◆ **Instructions for the task**:
Copying rule for the data below: take the line containing "A complete backup of xynodegaming.com" and every line after it to the end, exactly, and drop all pictures.

◆ **Recorded information**:
"""

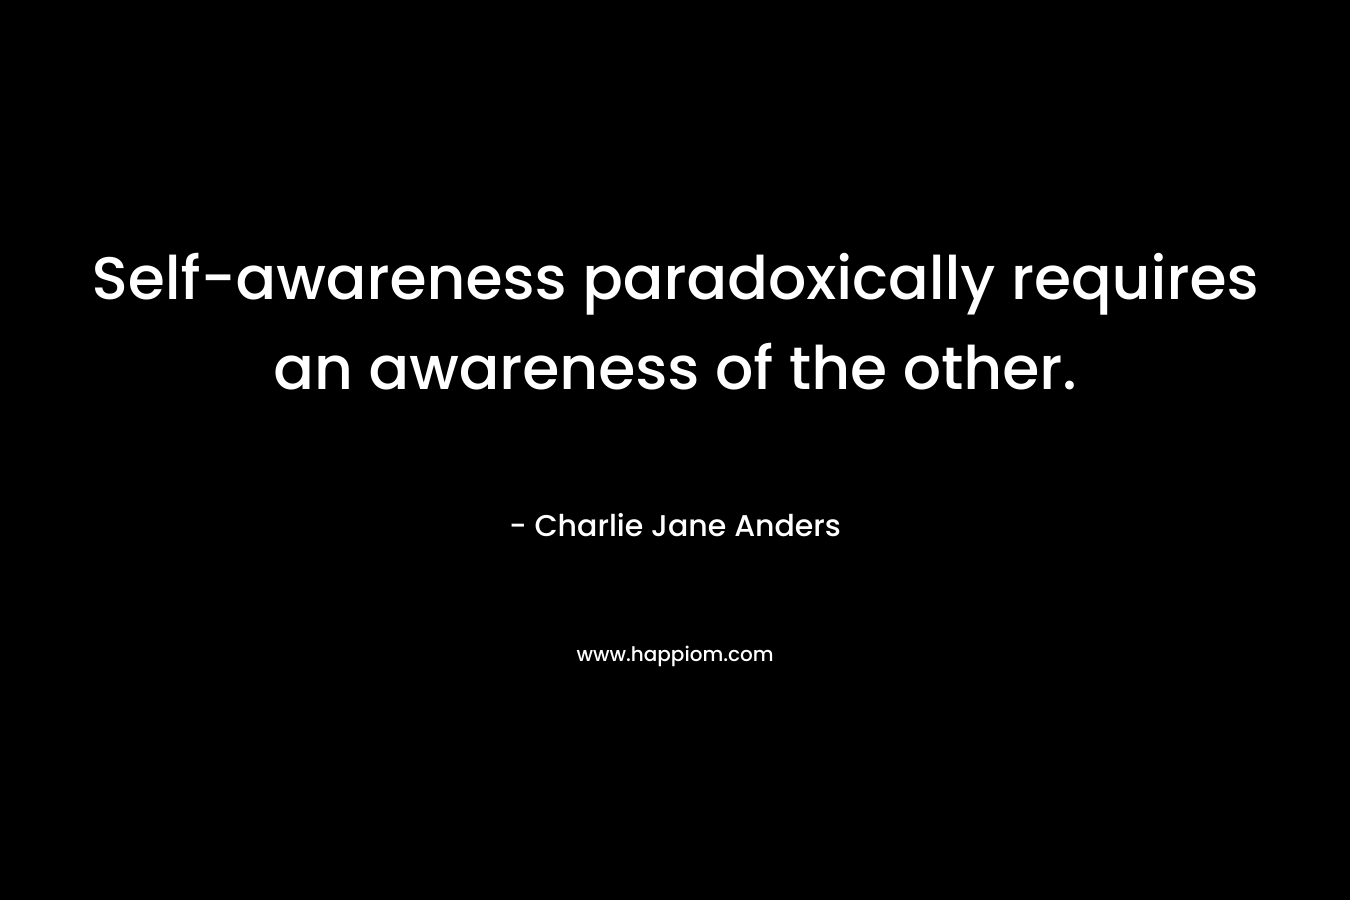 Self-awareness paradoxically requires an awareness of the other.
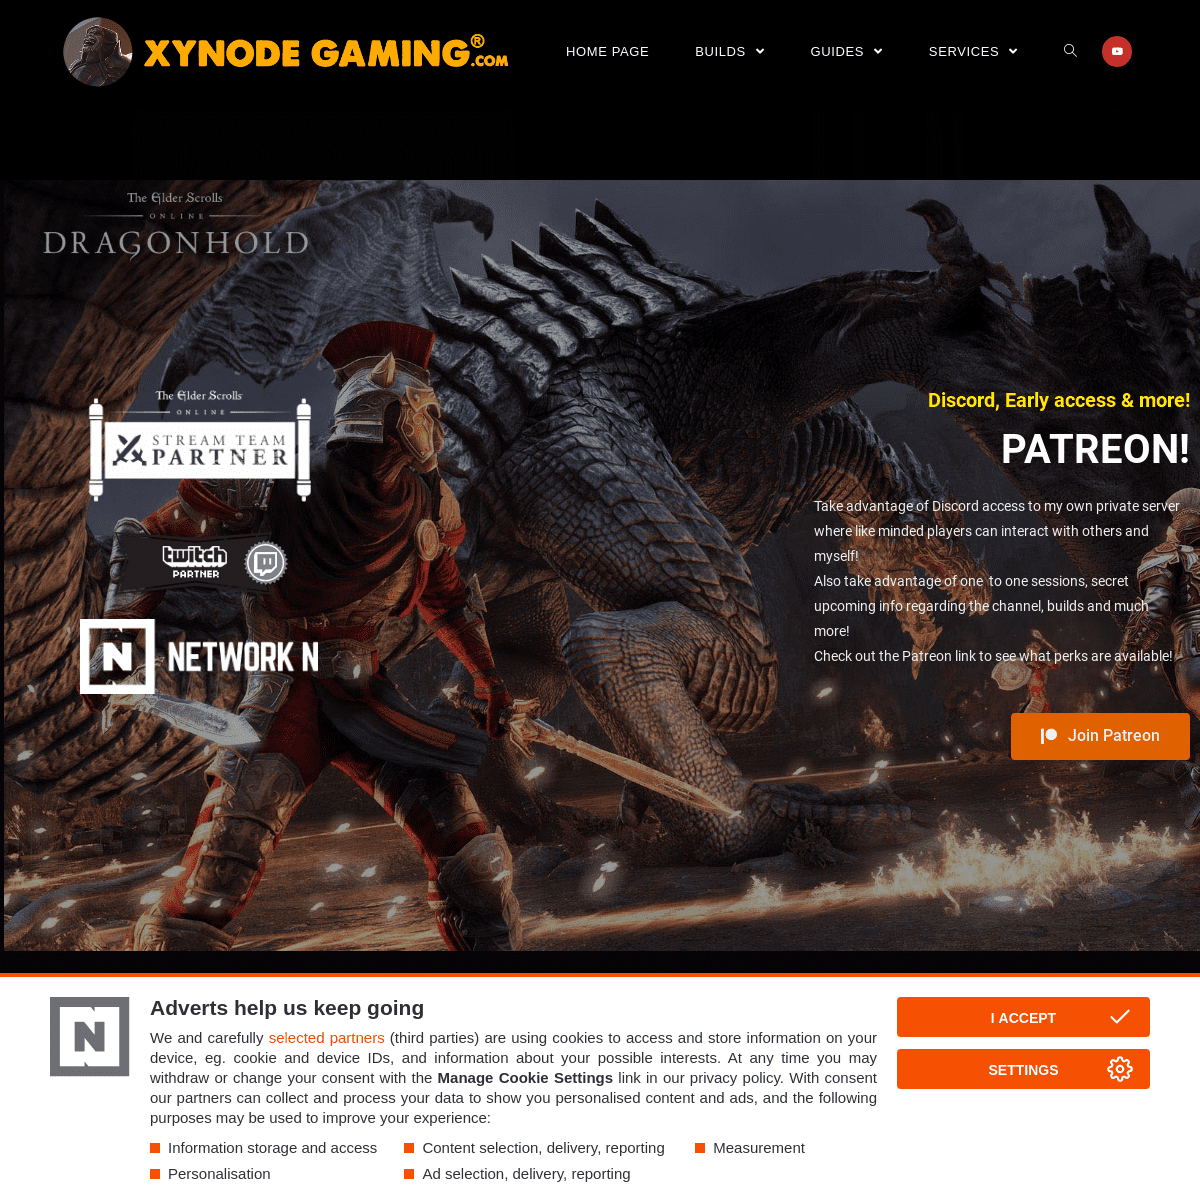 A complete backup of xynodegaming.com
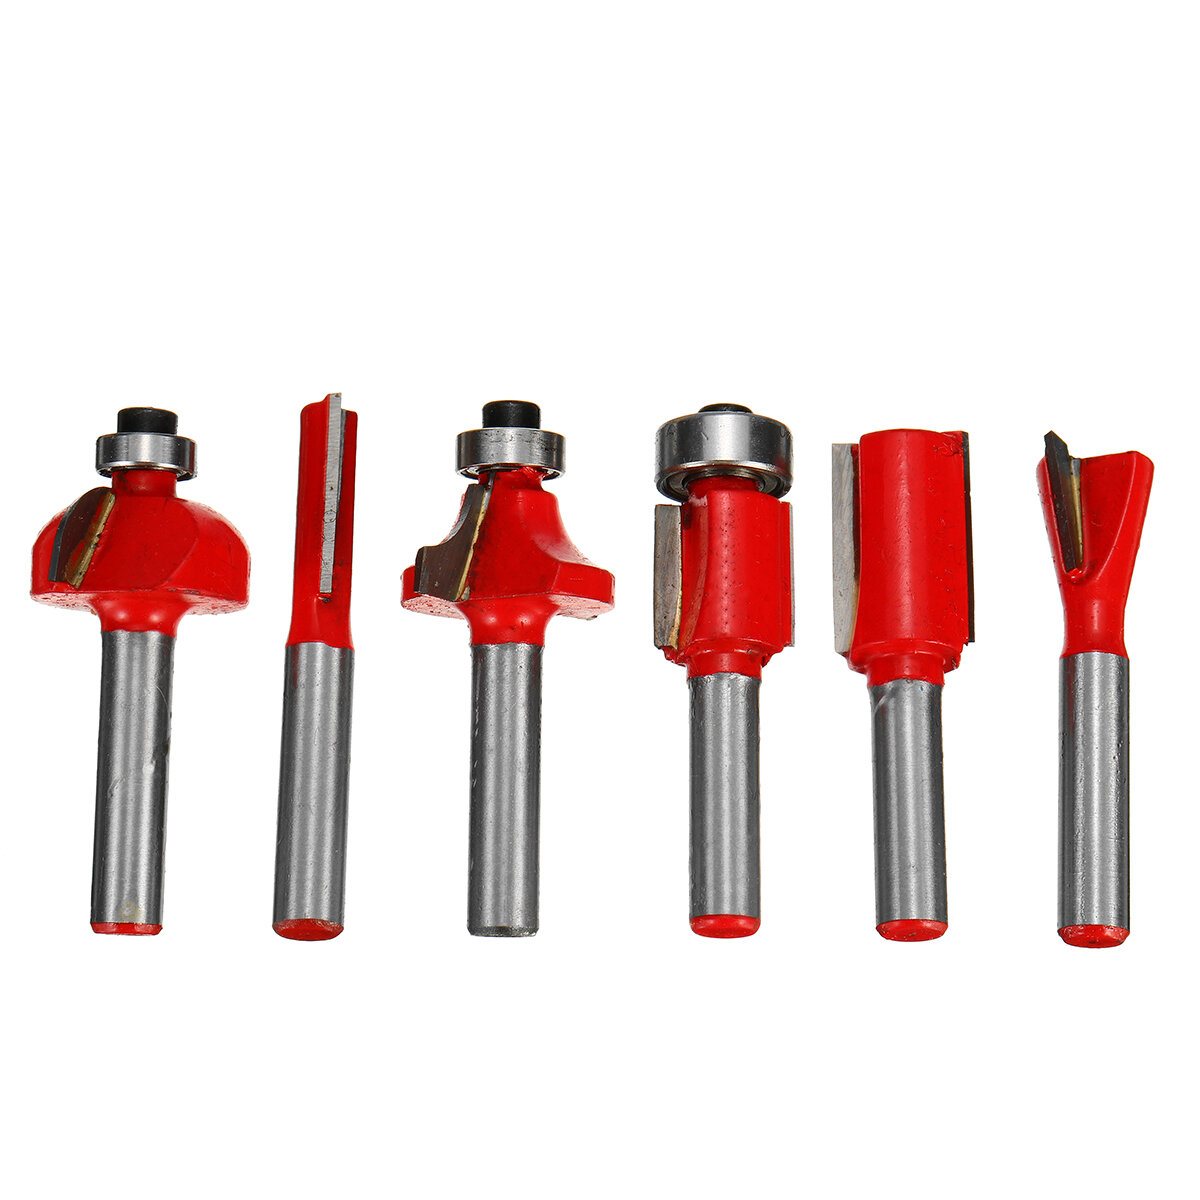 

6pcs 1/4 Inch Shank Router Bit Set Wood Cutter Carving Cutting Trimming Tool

"""

◆ **Exercise answer**:
 A complete backup of xynodegaming.com

6pcs 1/4 Inch Shank Router Bit Set Wood Cutter Carving Cutting Trimming Tool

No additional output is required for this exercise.